I recently spent a powerful afternoon with a team of powerful women — staff members and team leaders of the new LIVESTRONG at the YMCA program. They had just “graduated” their first class members, which was the launch of a whole new and ever-so-important program to support cancer survivors in their ongoing body/mind/spirit healing.
As a cancer survivor myself, and having worked with many, many clients (and friends and family members) as they navigated their cancer healing journeys, I have come to learn how essential it is to have support during the oft-neglected re-entry phase.
So often, those dealing with the cancer experience receive overwhelming support during the initial phases of diagnosis shock and treatment, but once declared “done” or “in remission,” these same folks are often left feeling as if the party’s over and everyone’s gone home… and the “hosts” are left standing alone and exhausted in the midst of a messy aftermath, which is now theirs alone to deal with.
To complicate things further, the person standing there most often has a very shaky sense of who they even are anymore!
You don’t go through a life-threatening illness without coming out a changed person. This is a huge aspect of the healing journey that I feel often goes unnoticed, and therefore, for the most part, remains largely unsupported.
So hooray for programs like the nationwide LIVESTRONG at the YMCA program! Having support to get your physical body back in shape is extremely helpful. But more than that, having a chance to come together with others who’ve just been through a similar experience is invaluable.
In the course of strengthening and renewing the body, a wonderful thing happens: You begin to realize that all those fears and self-doubts and little secret things you’ve been feeling as you lie there awake at night — like, perhaps, an unnamable sense of shame — are not weird, or wrong, or even unique; that others share the same or similar feelings. And whata relief it is to bring them into the light of day in such an organic, non-threatening way. And begin to heal not only the physical body, but also the mental and emotional body, and the spirit.
To take on the challenge of guiding this process as a facilitator, to create an atmosphere in which this sort of healing can happen in its own unique-to-every person-and-every-group way, takes courage. As a
counselor/healer/facilitator, I know how difficult it can be sometimes to just
keep showing up, prepared as possible on one level yet, most importantly, knowing the best preparation you can make is in learning how to let go and let a Higher Power guide the process.
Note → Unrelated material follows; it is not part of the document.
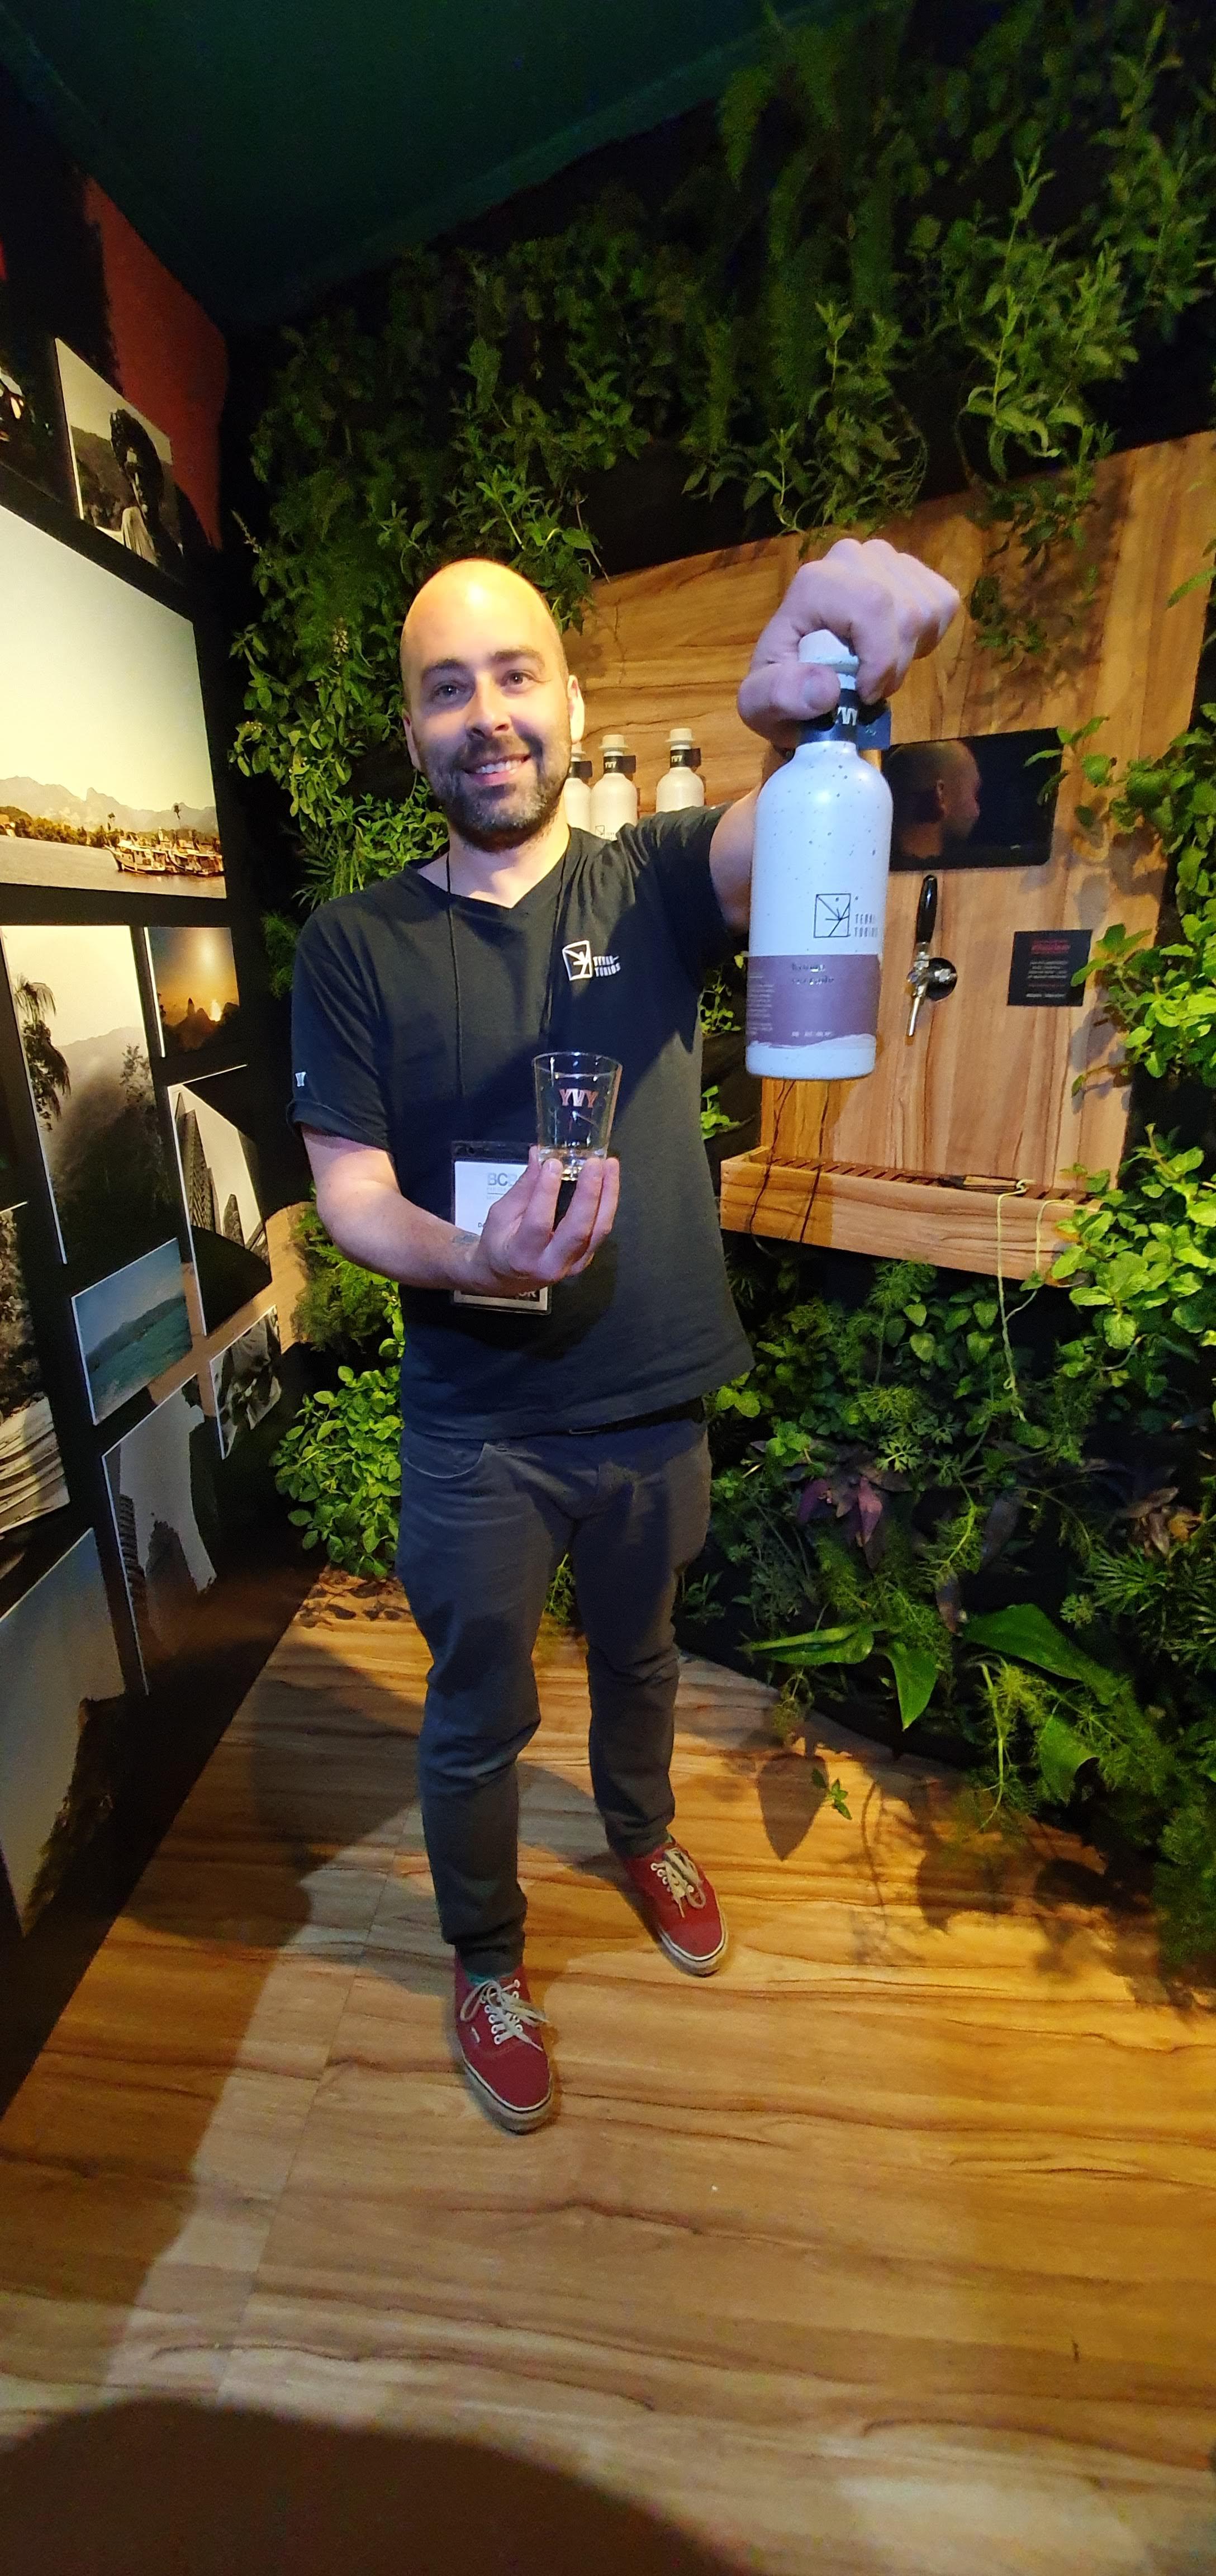 Darren Rook - Bar Convent São Paulo 2019
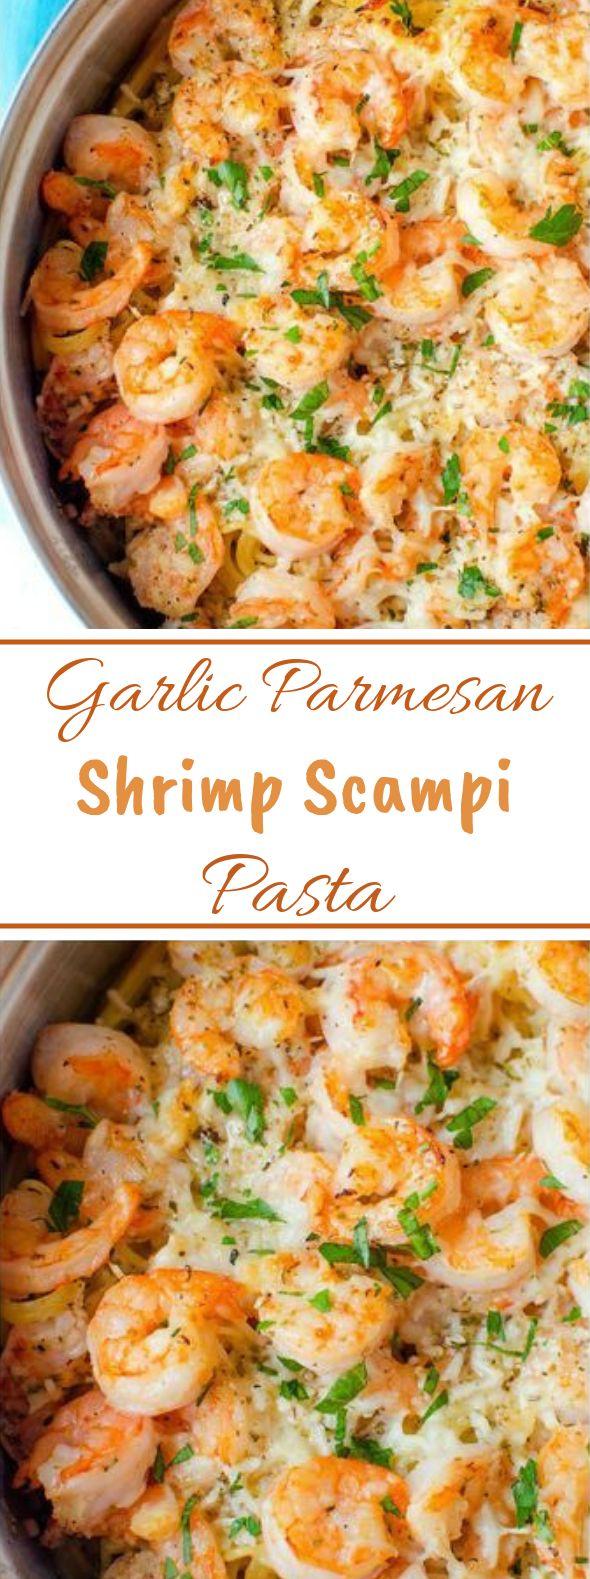 Garlic Parmesan Shrimp Scampi Pasta #quickrecipe #dinner

So, it was such a joy and privilege to watch this group of women take on this awesome and sometimes overwhelming project, give it their all, learn by doing, and have their hearts expand exponentially as they connected with the lovely people in their inaugural group. As much as they gave and helped change the lives of the participants, it was obvious that they received at least that much from their charges. And these ladies are forever changed.
They came out to The Healing Sanctuary the day after graduating their first group in order to take a break and integrate their experience. We talked a bit, raised a toast, and then retired to my session room, where we shared a renewing hour or so of guided meditation and crystal singing bowls. Prayer and intention, vibratory resonance and a little Magic came together to “heal the healers” in a lovely and powerful way.
That evening, I received an email from Kari Porter, senior director of the Healthy Living Program at the Eugene YMCA:
“I can’t thank you enough for this lovely afternoon. It was a true treat for this team of women to come together, away from our work and take the time to relax, reflect, re-build, renew, let go… Your home and sanctuary is an amazing space. Thank you for welcoming us in and for opening your heart to us.”
And thank you all for further opening mine. We are, indeed, all in this together.